Through the Ages – The Judges Punishment
Galilee 1st Century
Here’s one about the mother in law…
Extended families lived together under one roof. Mothers, fathers, uncles, aunts, cousins, grandparents. What a crowd! Mot so good if you didn’t get on with the family really! And all the children! Women were expected to have as many children as they possible could so there would have been heaps of kiddies running around. Women had to do this because it says so in one of God’s commandments
“…be fruitful and increase in number…” (Gen 34:10,11)
A good thing was that they could get married early. Boys could be married off at the age of 13 whilst girls were sent off to their husbands from the age of 12.
Boys were expected to take up the family trade. Bakers, weavers, carpenters, all these jobs made up the professions of the commoners of Jerusalem and 90% of the population were commoners.
These people lived in 2 or 3 storey houses with walls made of lime. They had little niches built into the walls to use as shelves and stoves made out of clay. Fires were lit in these stoves and dried animal dung was used to keep the home fires burning. What a nice smell to welcome your new wife home to!
A woman’s work is never done…
The girls of the house would have been set to work as soon as possible and they would have to take care of the household and cook the food. Fruit and veggies were eaten mostly as meat had to be ritually killed. Dates, pomegranates, figs and melons were in plentiful supply – yummy!

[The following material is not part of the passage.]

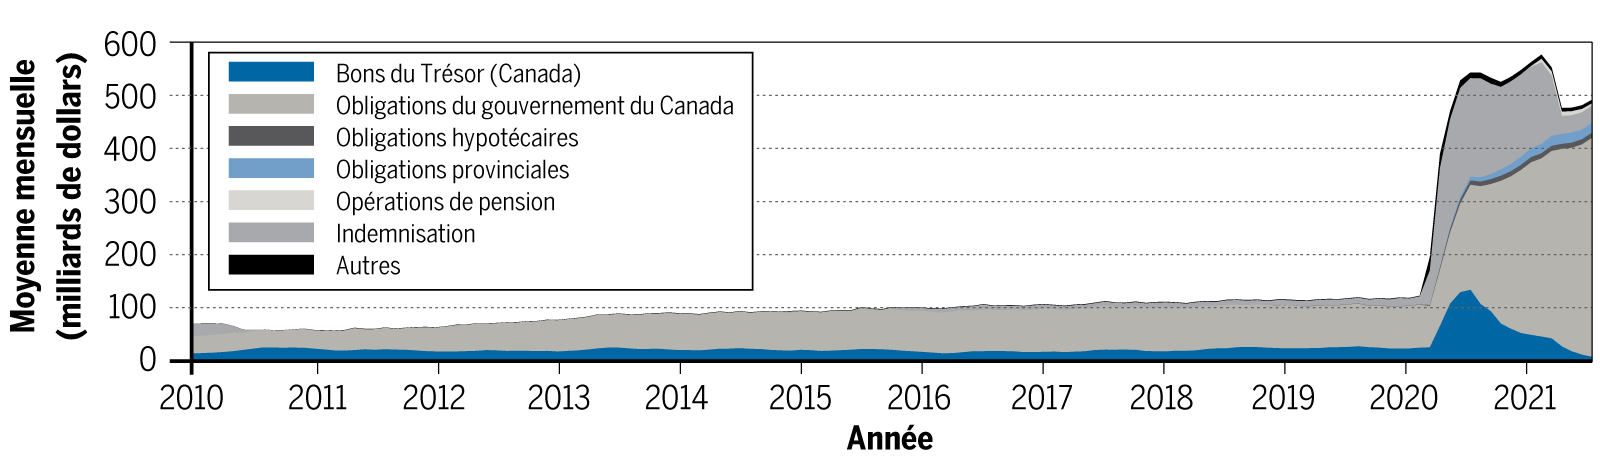 Bilan d’actif de la Banque du Canada

Has someone been eating figs again?
The streets were smelly and dark. Houses were built close together and there were just tiny alleyways between them. Dogs, chickens, goats and donkeys would wander the streets and people would throw their sewage out of their windows and into the gutters. Phooey, there isn’t much rain in Jerusalem and so most of the waste would just sit in the gutters and stink the place up for most if the year.
Rich man poor man…
The 10% of landed gentry lived in beautiful houses away from the masses of the city. These houses had gorgeous gardens and mosaics as well as tiled floors and heated baths. These people were quite keen on bathing and did it as often ass they could – well; the rich did so anyway. Others had to make do with the purity baths that they had to take before they were allowed to enter the temples.
You were considered to be impure if you had come into contact with bones, dead bodies or catacombs, if you had just given birth or were menstruating.
Because it doesn’t rain much, special trenches were built on the tops of the houses to collect any precious rainwater. There were also reservoirs built in the basements of houses to keep as much water as possible.
In sickness…
A lot of people got sick in this day and age but most of them counted on help from God to make them better. They would gather outside temples and the Bethesda Pools. The Angel of God was supposed to visit these pool sometimes and make the water boil. The first few people who got to enter this water claimed that they got better.
Beats waiting in line at the pharmacy I guess and you got a good wash at the same time! And at least it got you out of the house and away from the mother in law for a while!